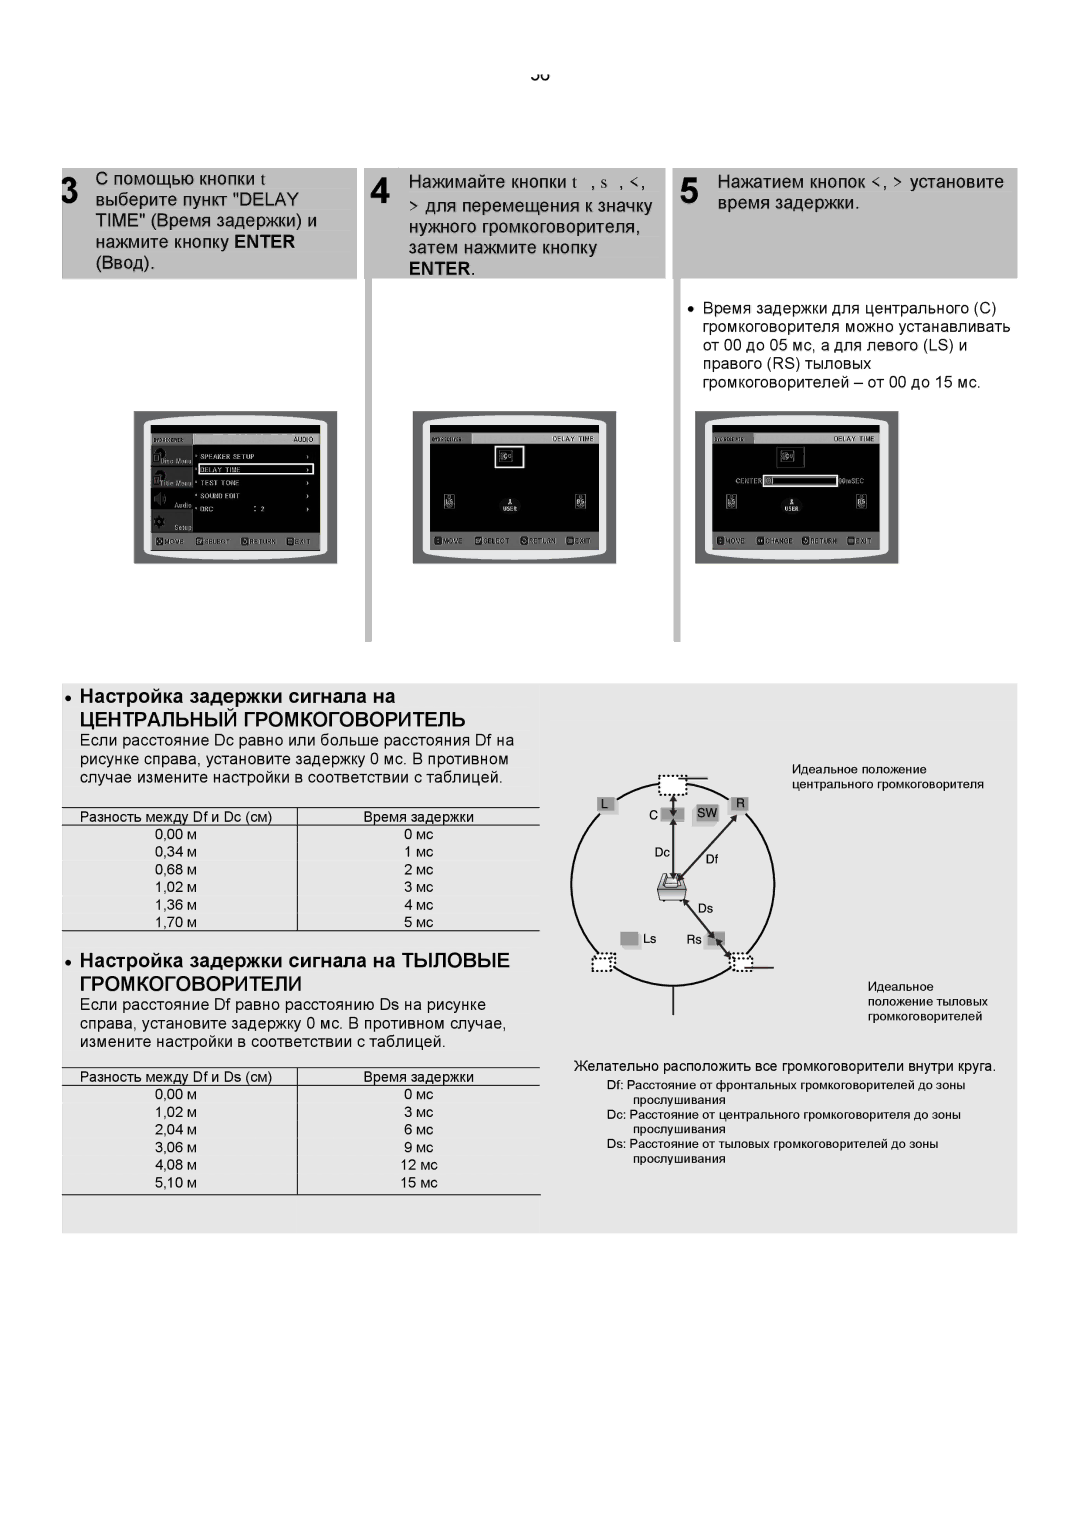 Samsung HT-DS420RH/XFO manual ∙ Настройка задержки сигнала на Тыловые, Нажатием кнопок , установите, Время задержки 
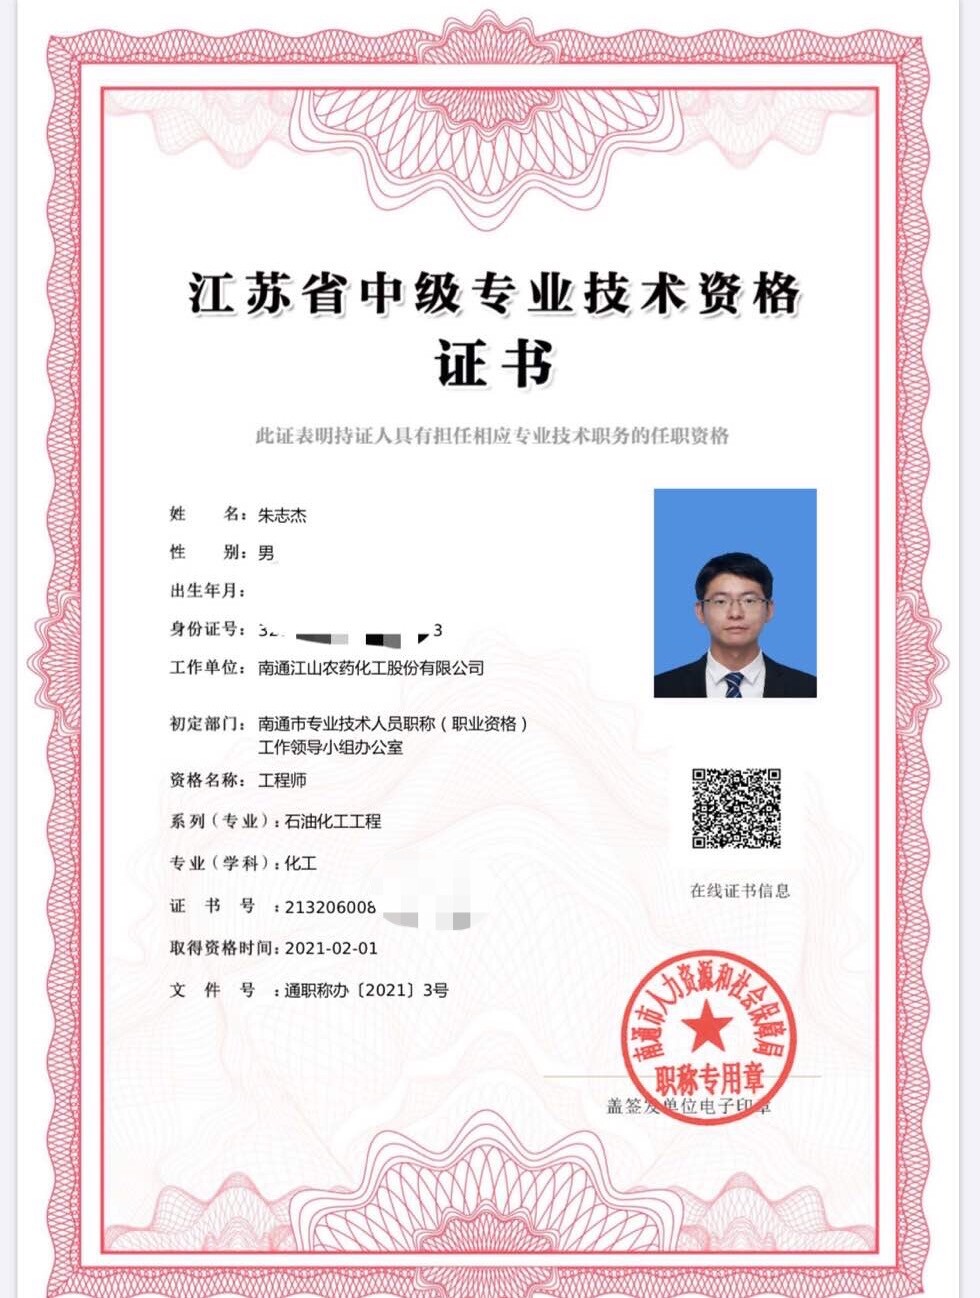 江苏统一电子职称证书制式 首张新版电子证书南通发出
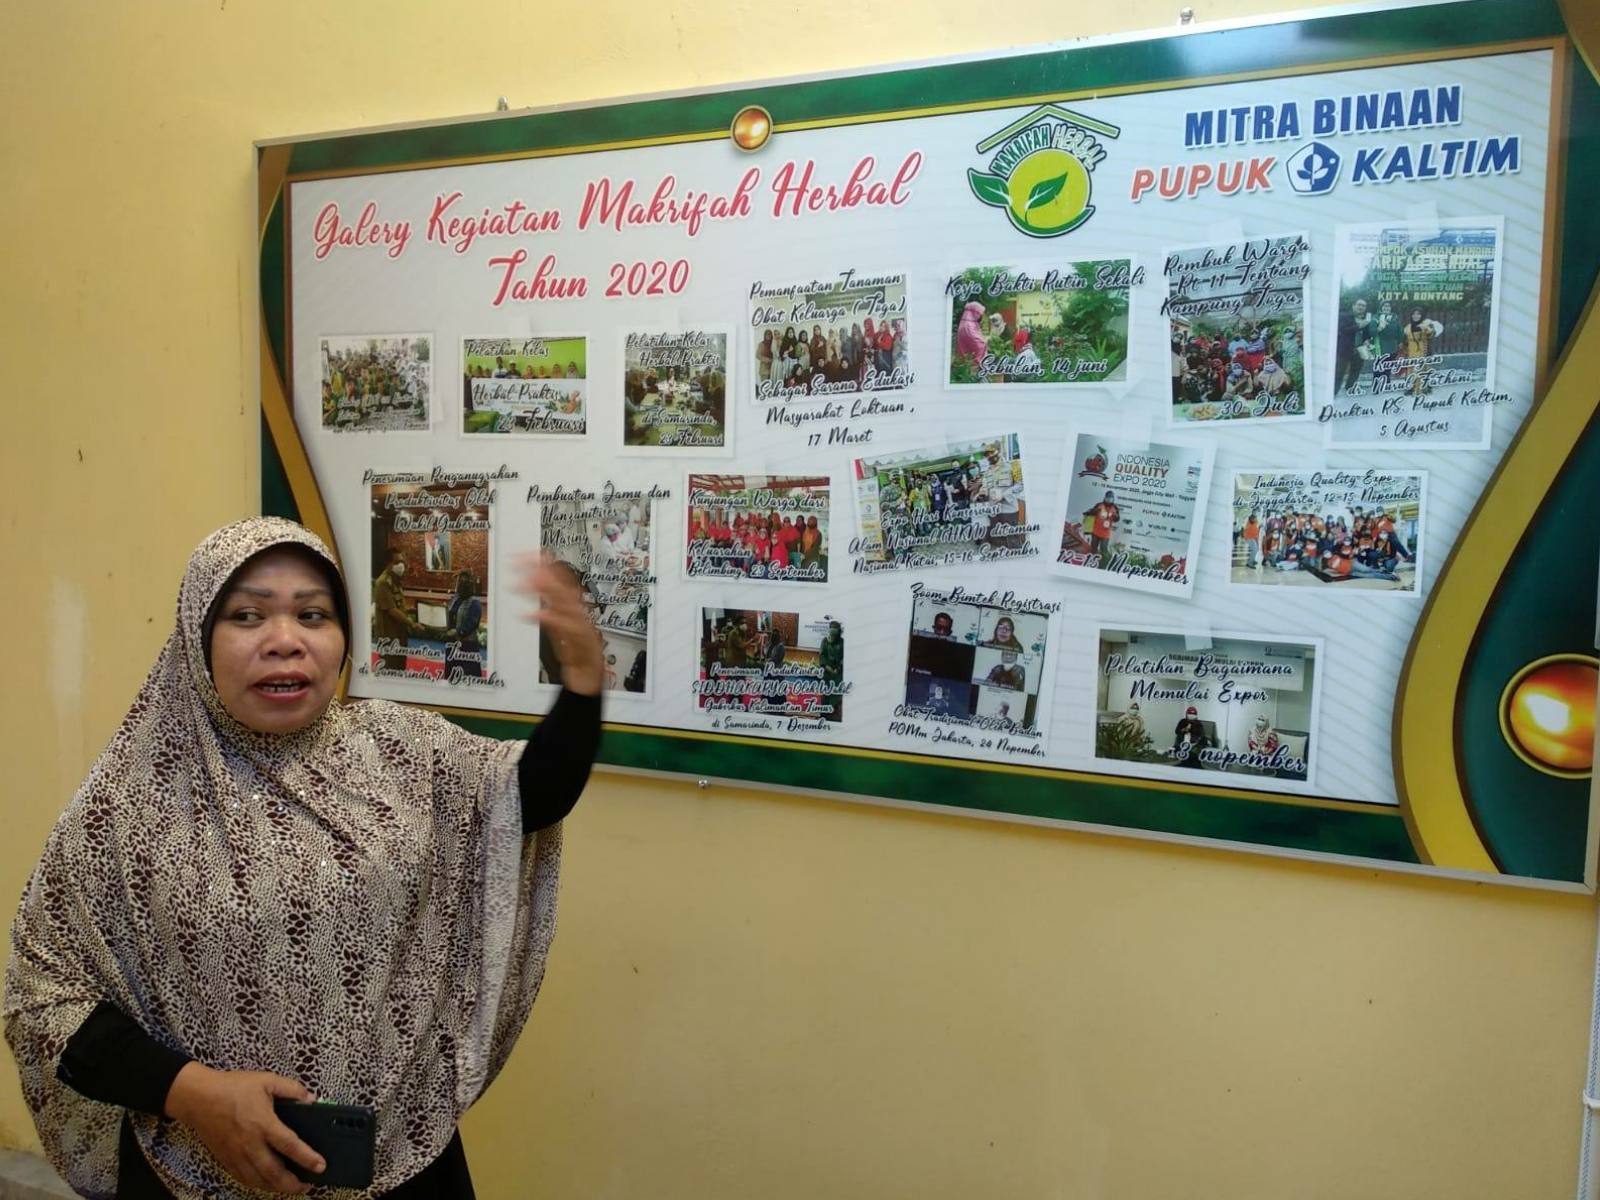 Guru di Loktuan Ini Produksi Minyak Gosok Herbal, Dipasarkan ke 32 Daerah

**Exercise goal**
Leave out the pictures and reproduce the rest of the listing exactly.

**Answer space**
 Samsung HT-DS420RH/XFO manual ∙ Настройка задержки сигнала на Тыловые, Нажатием кнопок , установите, Время задержки 
 江苏统一电子职称证书制式 首张新版电子证书南通发出
 Guru di Loktuan Ini Produksi Minyak Gosok Herbal, Dipasarkan ke 32 Daerah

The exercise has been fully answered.